■ **Task details**: The reply must repeat the listing below exactly and carry none of its pictures.

═════ Exercise data

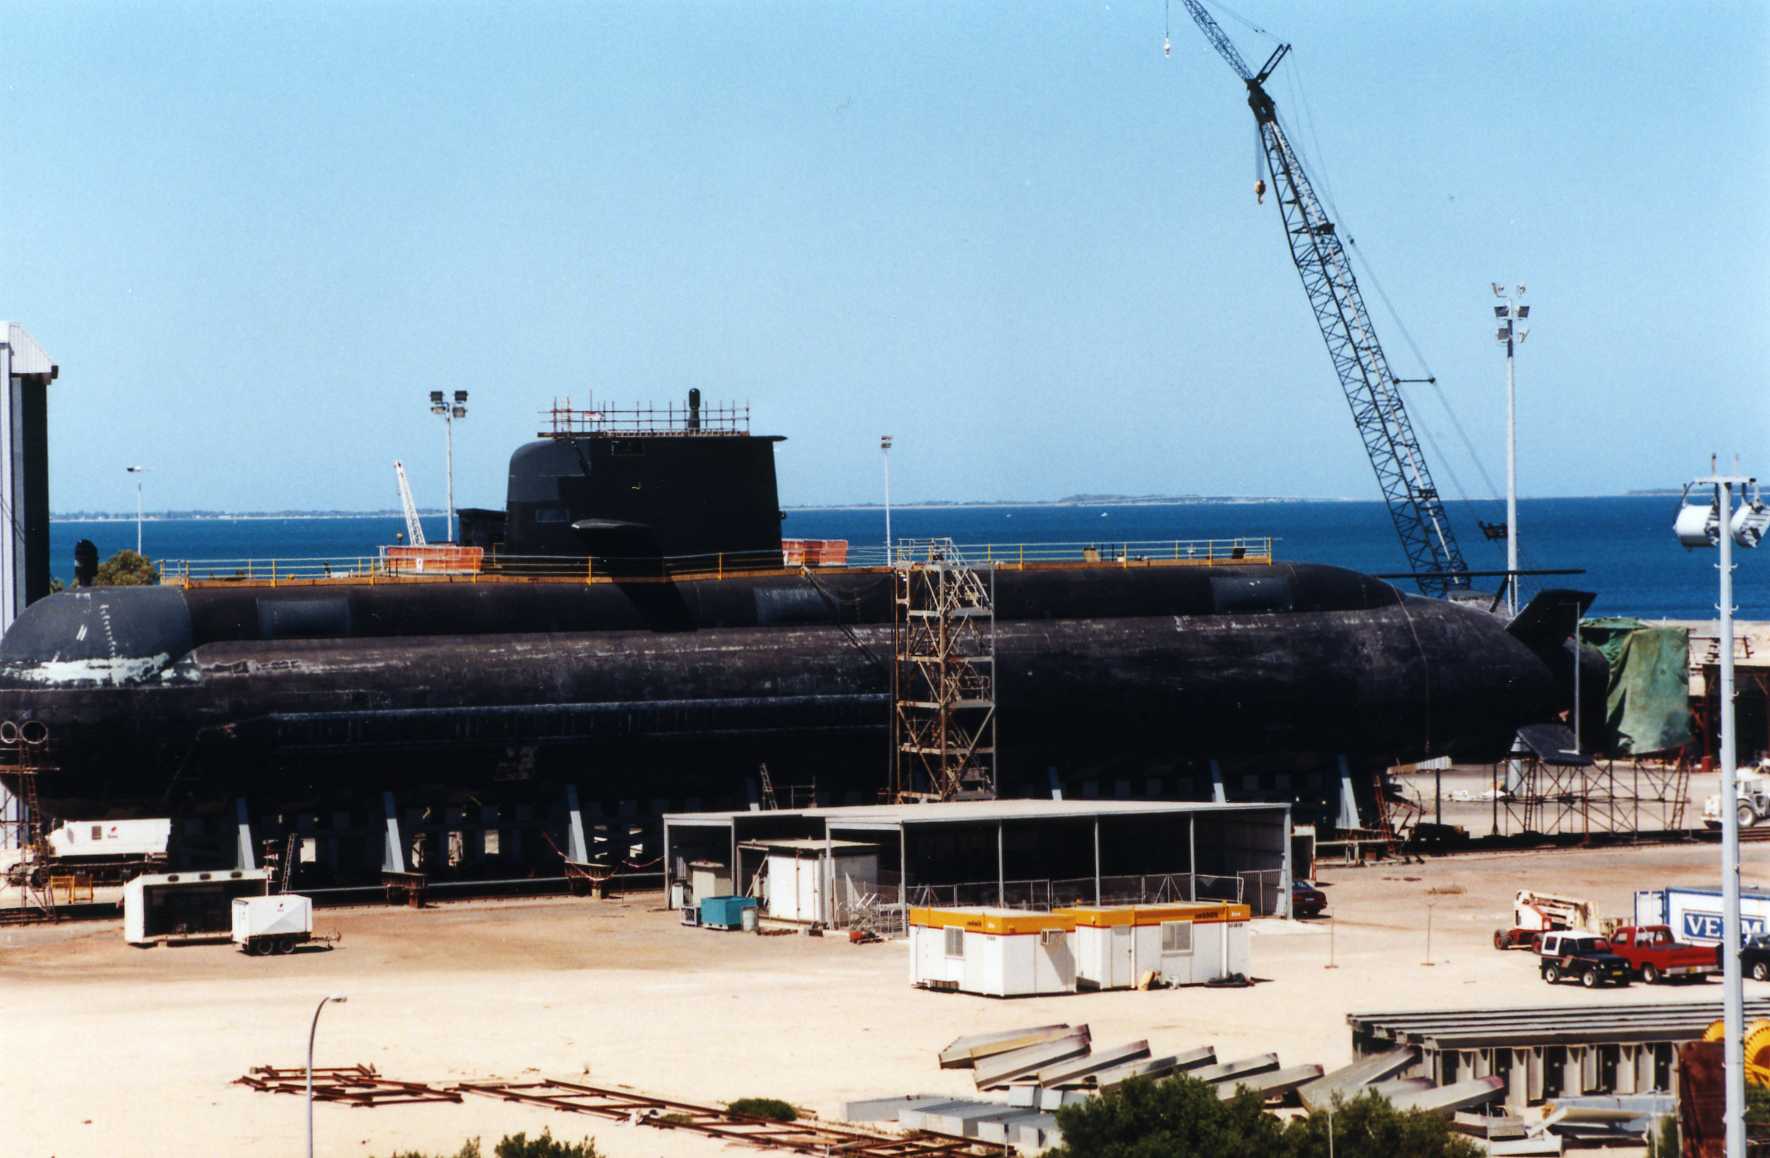 111  Октябрь, 10, 1999 лодку из воды. Подводной лодки класса Collins на стапеле в Kwinana.jpg
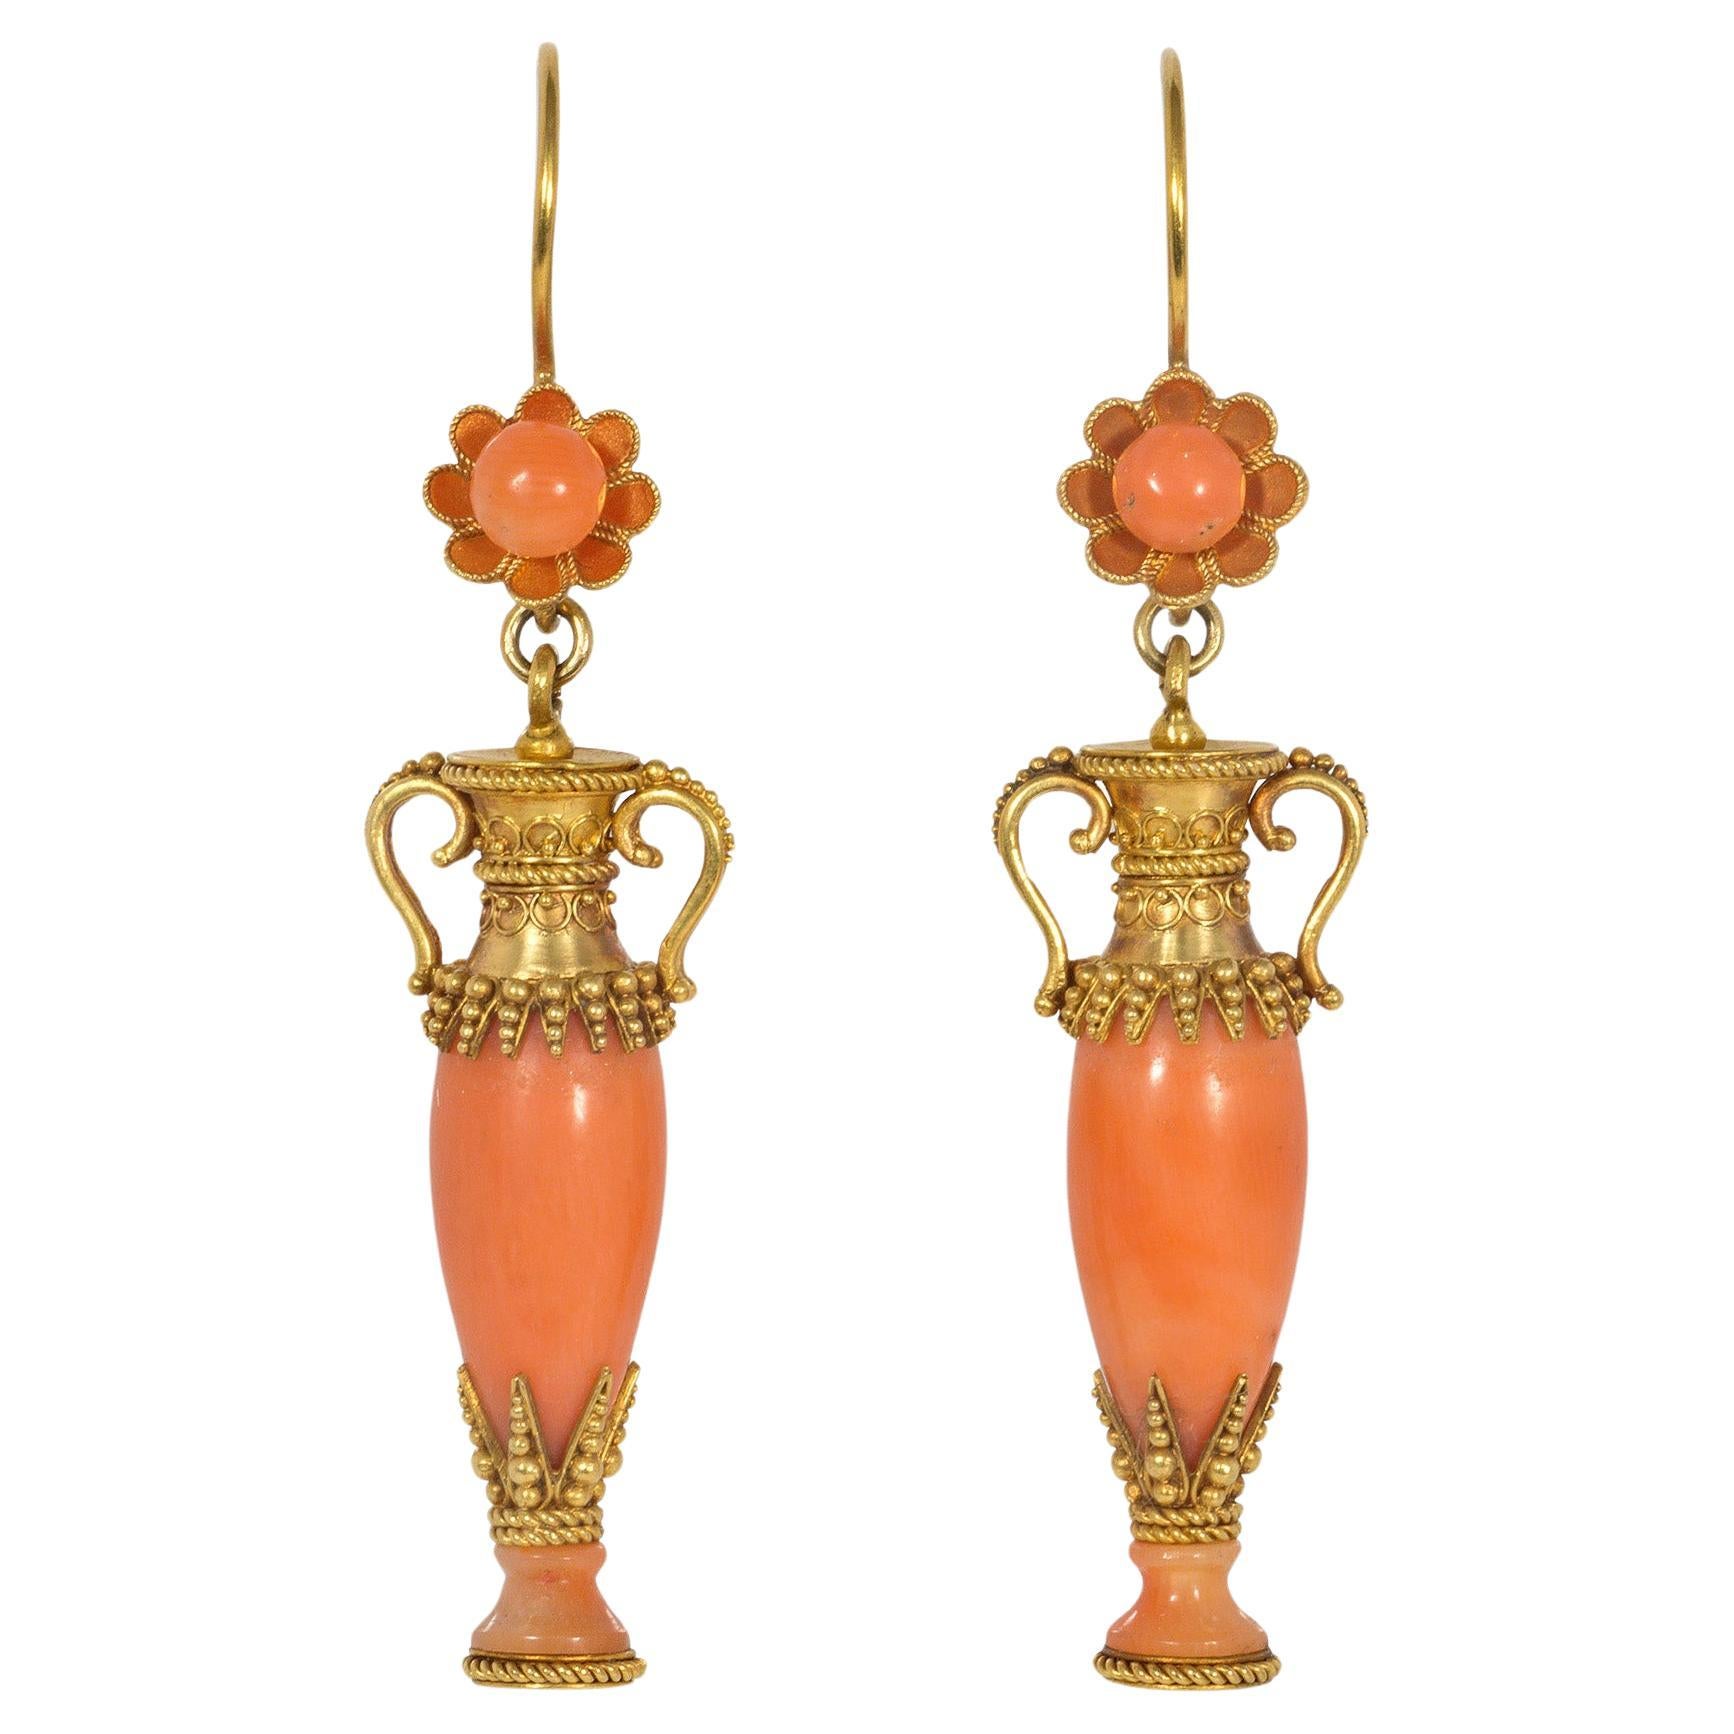 Boucles d'oreilles Antique Revival en or et corail avec pendentifs en forme d'urne
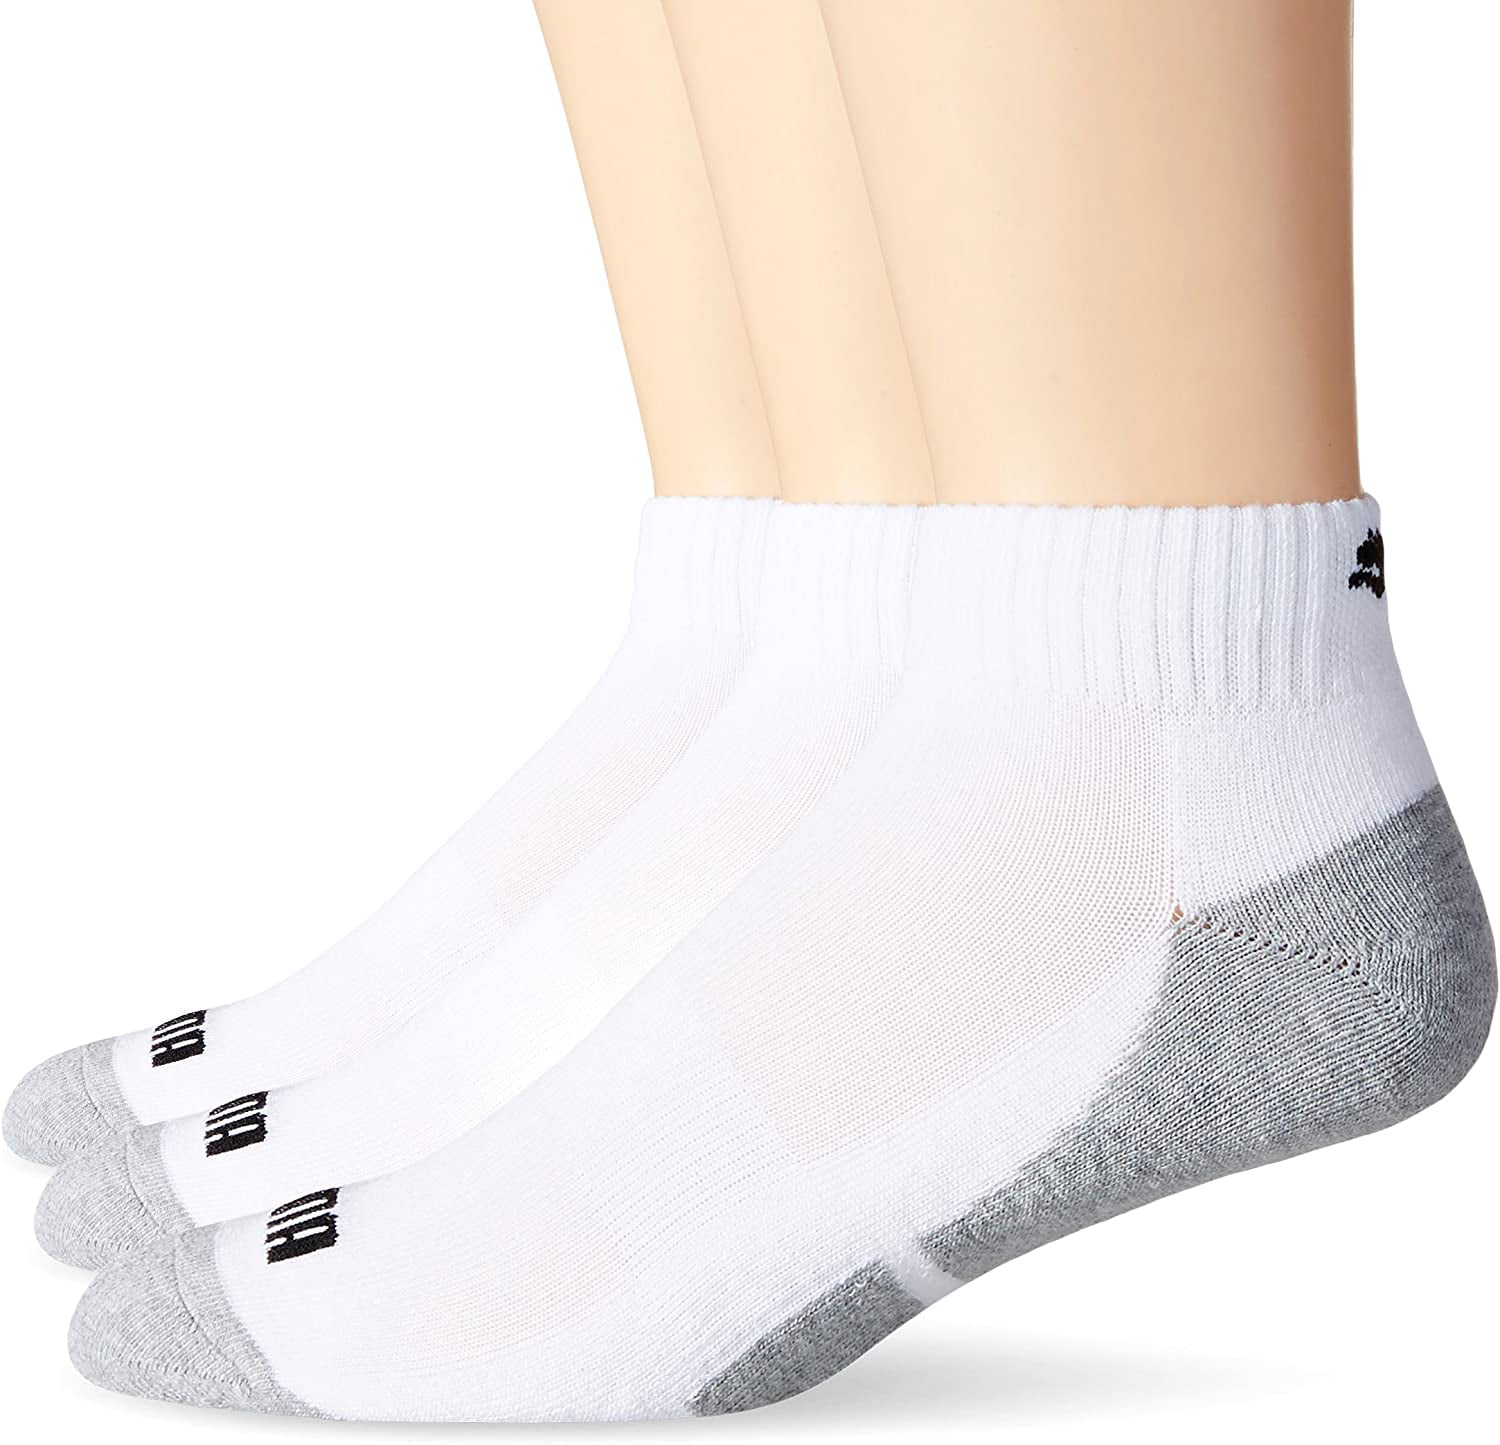 PUMA Socks Men's Quarter Cut Socks, White, Sock Size:10-13/Shoe Size: 6 ...

══════════

■ **Answer area**:
 111  Октябрь, 10, 1999 лодку из воды. Подводной лодки класса Collins на стапеле в Kwinana.jpg
 Boucles d'oreilles Antique Revival en or et corail avec pendentifs en forme d'urne
 PUMA Socks Men's Quarter Cut Socks, White, Sock Size:10-13/Shoe Size: 6 ...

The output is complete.